Я одним махом осушил штоф шнапса, как научился в разведке, еще раз посмотрел в глаза Крамра.
Признаюсь честно, но в те минуты я поверил ему, как своему отцу. Я видел и всеми фибрами души ощущал приближающийся конец империи Гитлера, как империи зла и человеконенавистничества.
Время нашего увольнения подходило к концу. Мы с капитаном Крамером слонялись по городу в поисках романтических приключений, но с каждой минутой на душе становилось все грустнее и грустнее. Мы чувствовали что нашему отпуску подходит конец, и нам вновь предстоит вернуться на фронт, уже в новой ипостаси. Эти недели пролетели как один день, а пребывание в этой школе надолго останется в моей памяти.

Глава восьмая

«Охота»

Черт! Черт! Черт! Мы опять в самом пекле! «Мертвый город» встретил нас неприветливо. Заснеженные руины разрушенных домов и церквей да слегка прибранные улицы после лета 42 года, создавали удручающее настроение, напоминая нам о лютой зиме самого разгара восточной кампании. Наш потрепанный советами гарнизон, постепенно приходил в себя. Вокруг города и его окрестностей, заняли оборону самые свежие части прибывшие из Франции и Бельгии. Тех же, кто пережил блокаду, вывели в тыл, а потом дальше на родину в Германию, чтобы после короткого отдыха вновь вернуть на передовую и бросить в очередную мясорубку.
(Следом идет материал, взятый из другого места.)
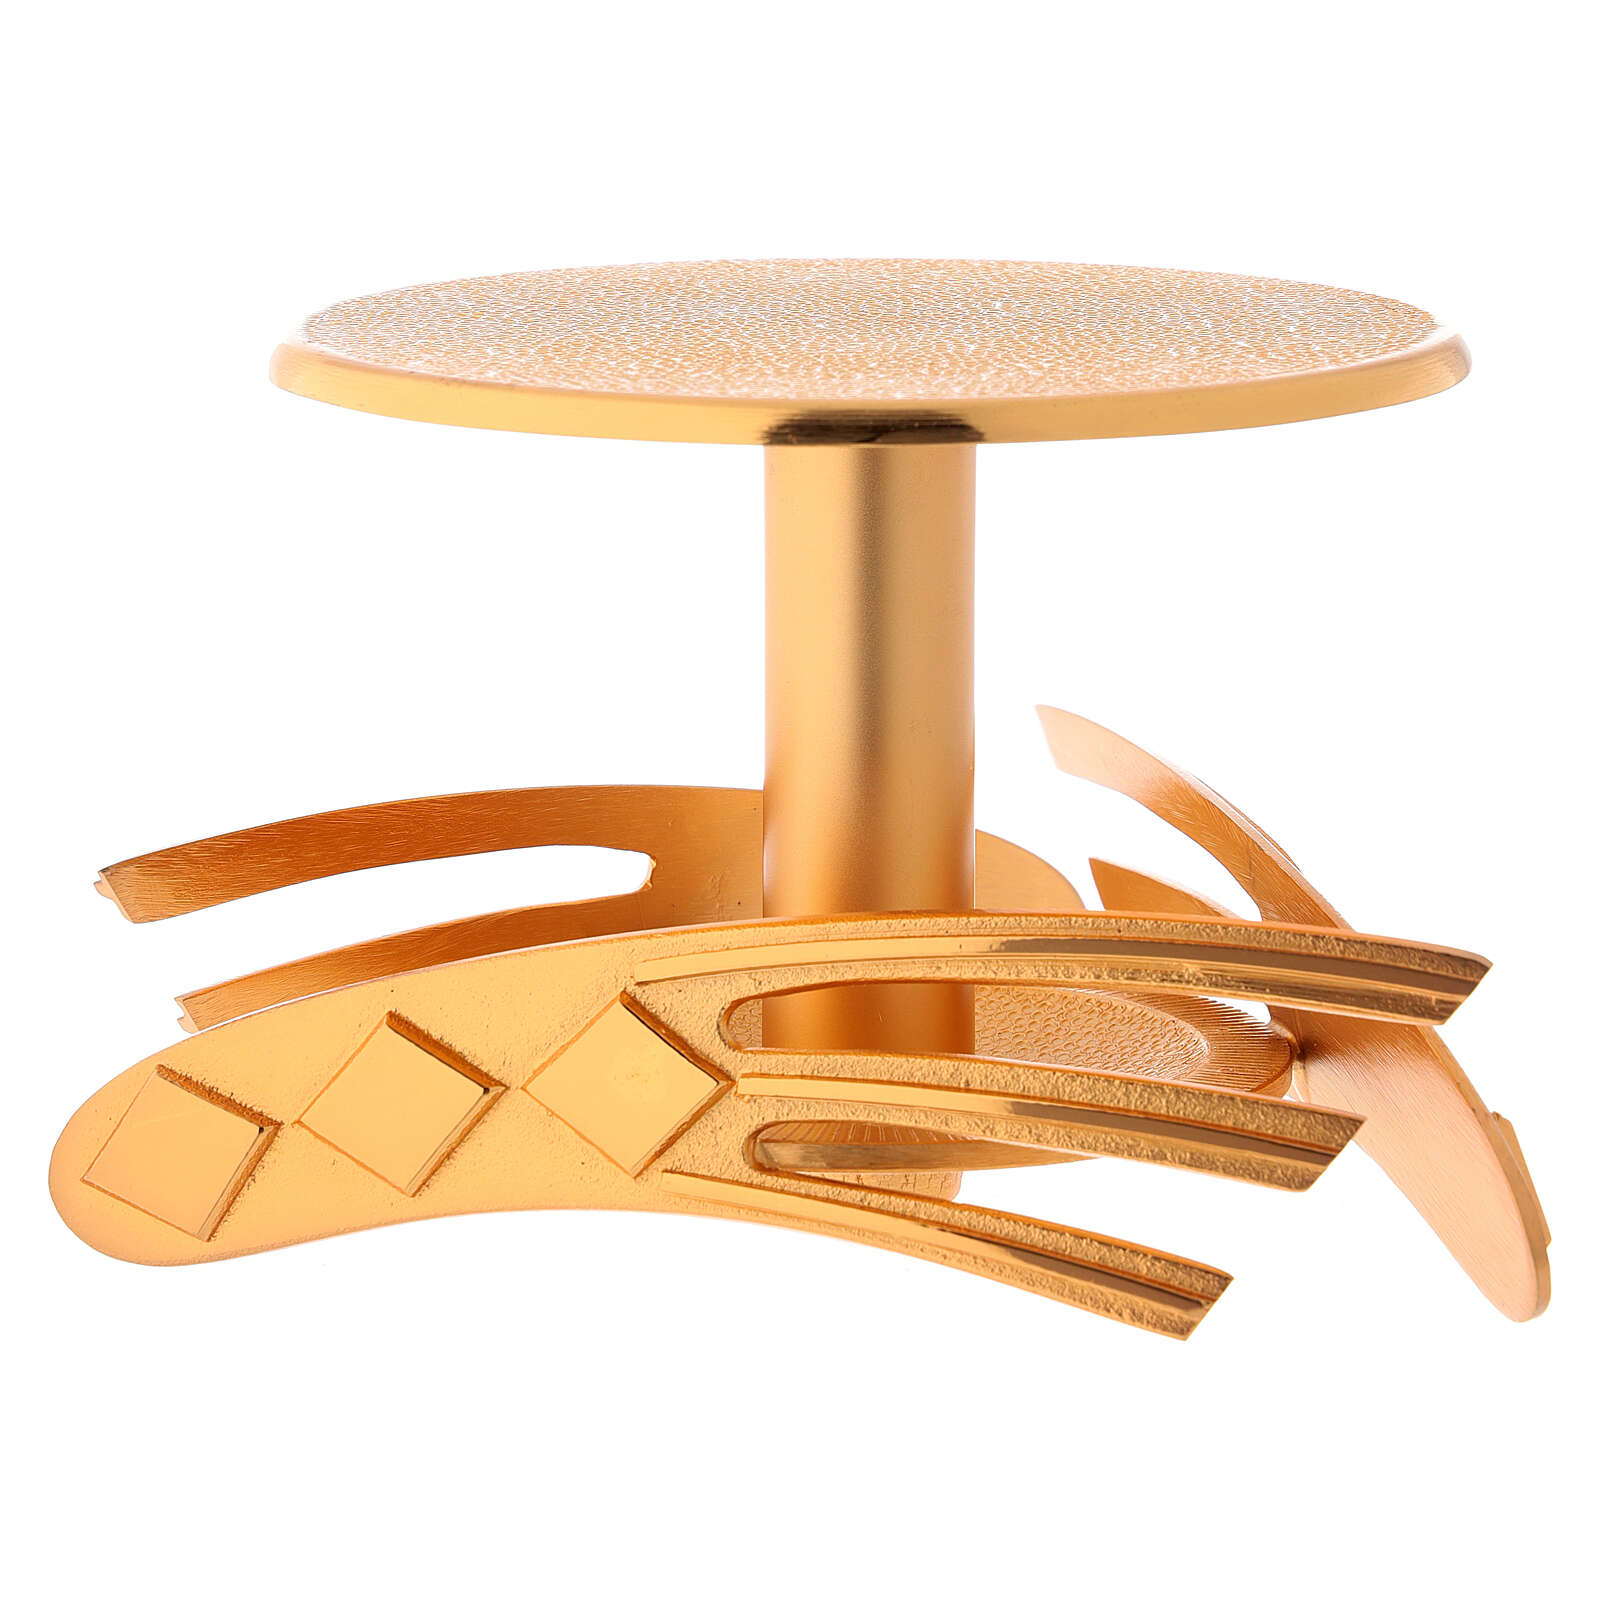 Ostensory base in golden cast brass, 12 cm high 4

Как и предписывал приказ за подписью адмирала, Крамер принял отдельную диверсионно –разведывательную роту с позывным «Герра». Все бойцы этого подразделения еще раньше прошли специальную подготовку в диверсионной школе под Смоленском. После обучения они придавались боевым частям, как отдельные специальные подразделения армейского подчинения. Несмотря, на затянувшееся латентное противостояние по всей линии фронта, бойцы подобных групп довольно активно действовали в полосе обороны двадцать первой стрелковой бригады, и даже далеко в глубоком тылу большевиков.
В то время, в полосе плацдарма четвертой ударной армии большевиков от Холма до Велижа действовало до двадцати групп русских снайперов из 360 стрелковой дивизии. Снайпера ежедневно уносили десятки жизней наших солдат и офицеров. После покушения большевистского снайпера на генерал–лейтенанта Шредера, командование 83 дивизии приняло директиву и поставило глобальную задачу, об активизации уничтожения русских снайперов любыми доступными методами.
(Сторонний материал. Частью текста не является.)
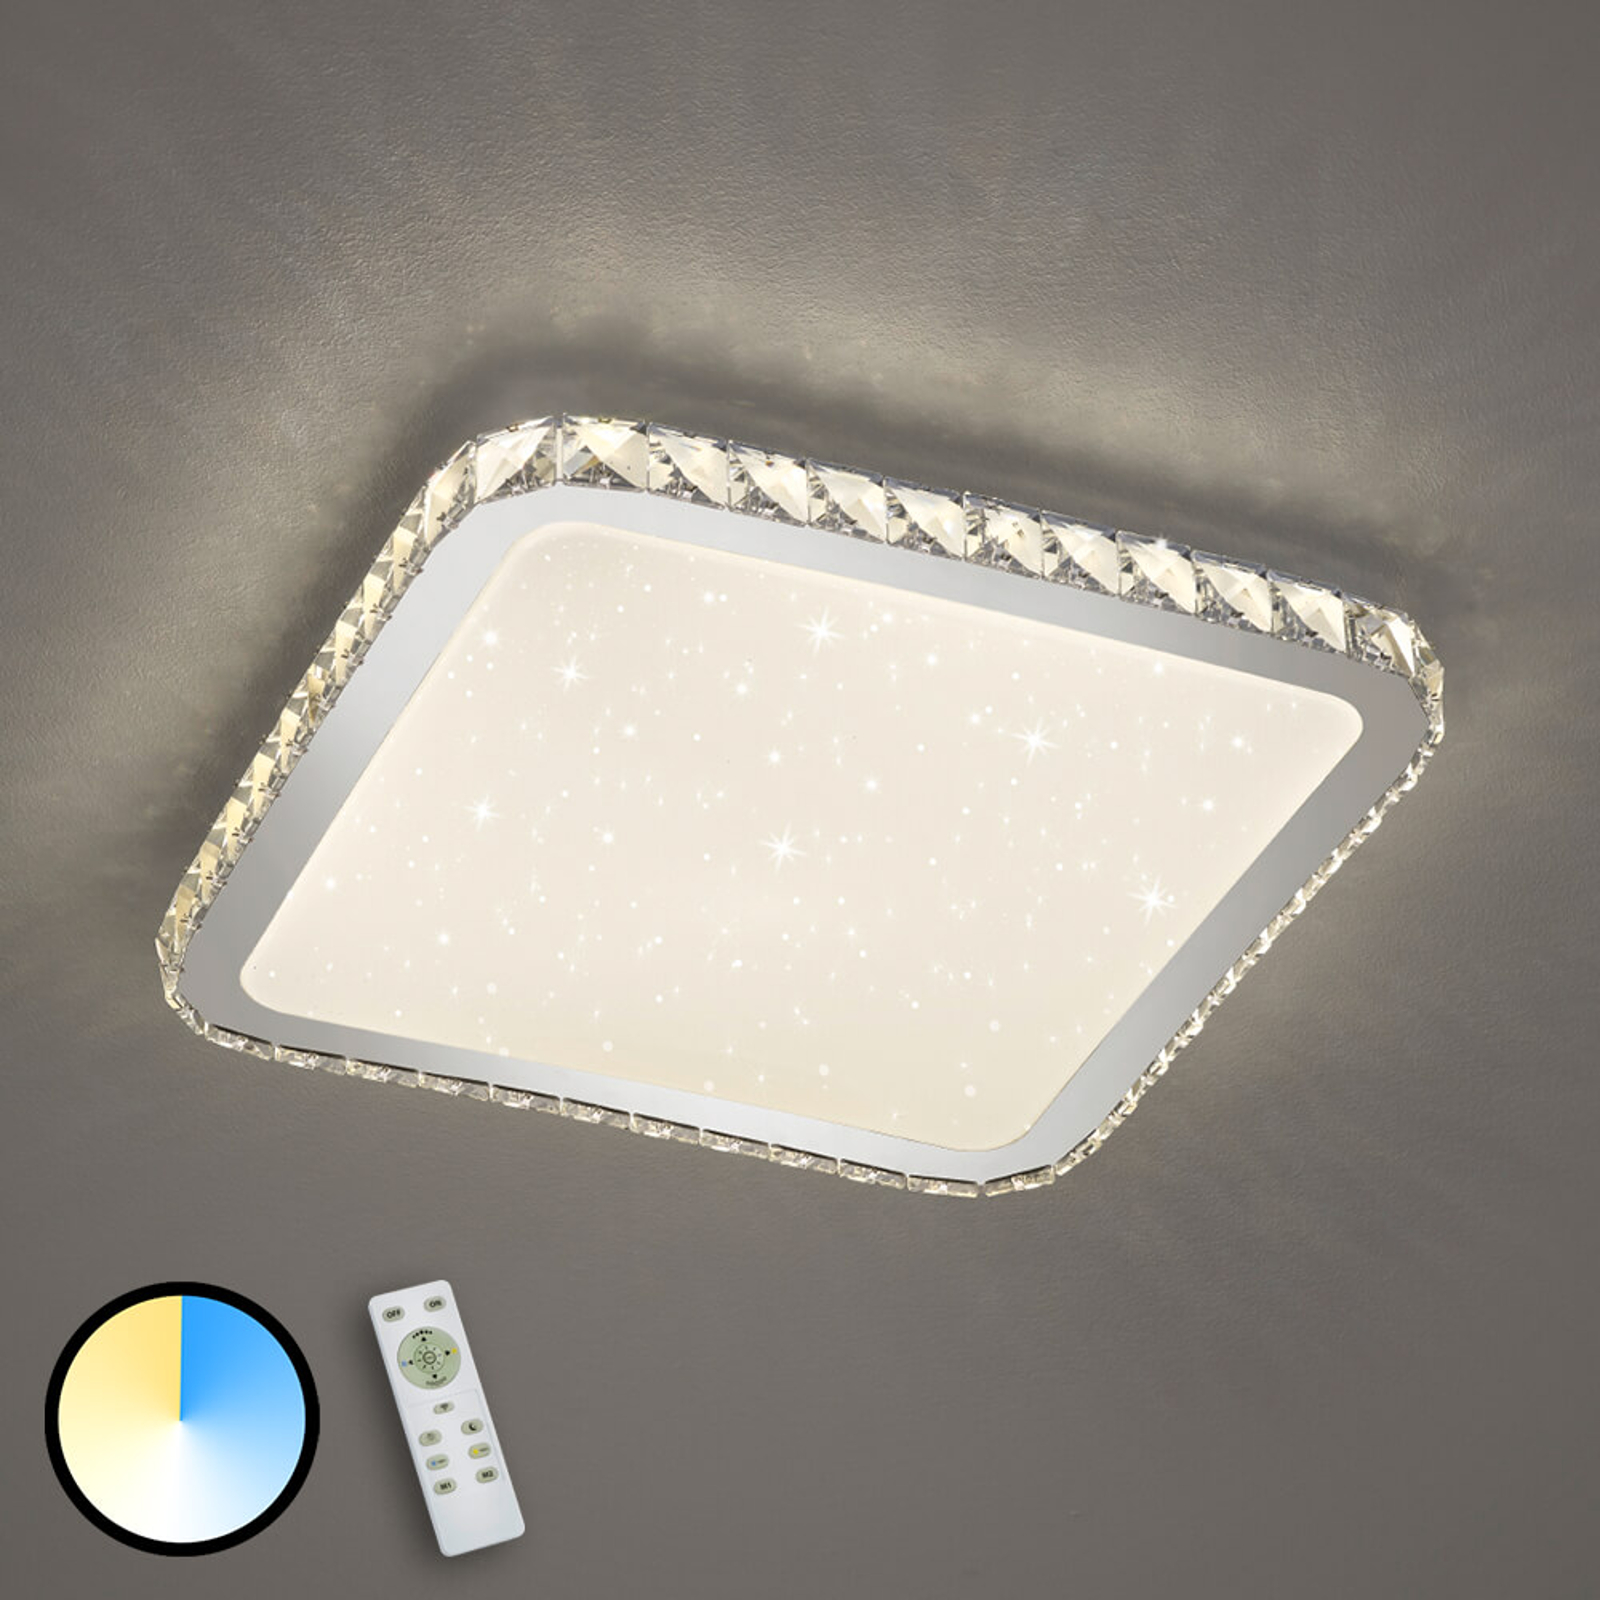 Lampa sufitowa LED Sapporo z powłoką starlight

С мая 42 года под нашей «крышей» командованием дивизии было создано специальное антиснайперское подразделение, которое по мере возможностей, занималось очисткой прифронтовой полосы от досаждающих нам «вольных стрелков».
В один из дней декабря 1942 года, командир группы капитан Крамер, вызвал меня в штаб роты, который находился в деревне Беляево, чтобы изложить концепцию своего видения этой проблемы.
–Так студент –слушай, боевой приказ! Вчера русский снайпер смертельно ранил офицера ставки и командующего десятой стрелковой бригадой. Твоей группе поставлена задача: выдвинуться на рубеж соприкосновения с противником, найти и прикончить, этого чертова «Робин Гуда», который, словно куропаток отстреливает наших офицеров.
Зная о дислокации наших войск, я никак не мог понять, как этот «большевистский охотник» так далеко забрался в наш тыл. К середине зимы, наши камрады уже адаптировались к местным особенностям и контролировали большую часть левого берега Двины. Лишь некоторые участки на правом берегу и на стыке армий «Центр» и «Север» давали возможность «Иванам», проникать к нам в тыл в период благоприятных погодных условий, которые тут же скрывал их следы присутствия.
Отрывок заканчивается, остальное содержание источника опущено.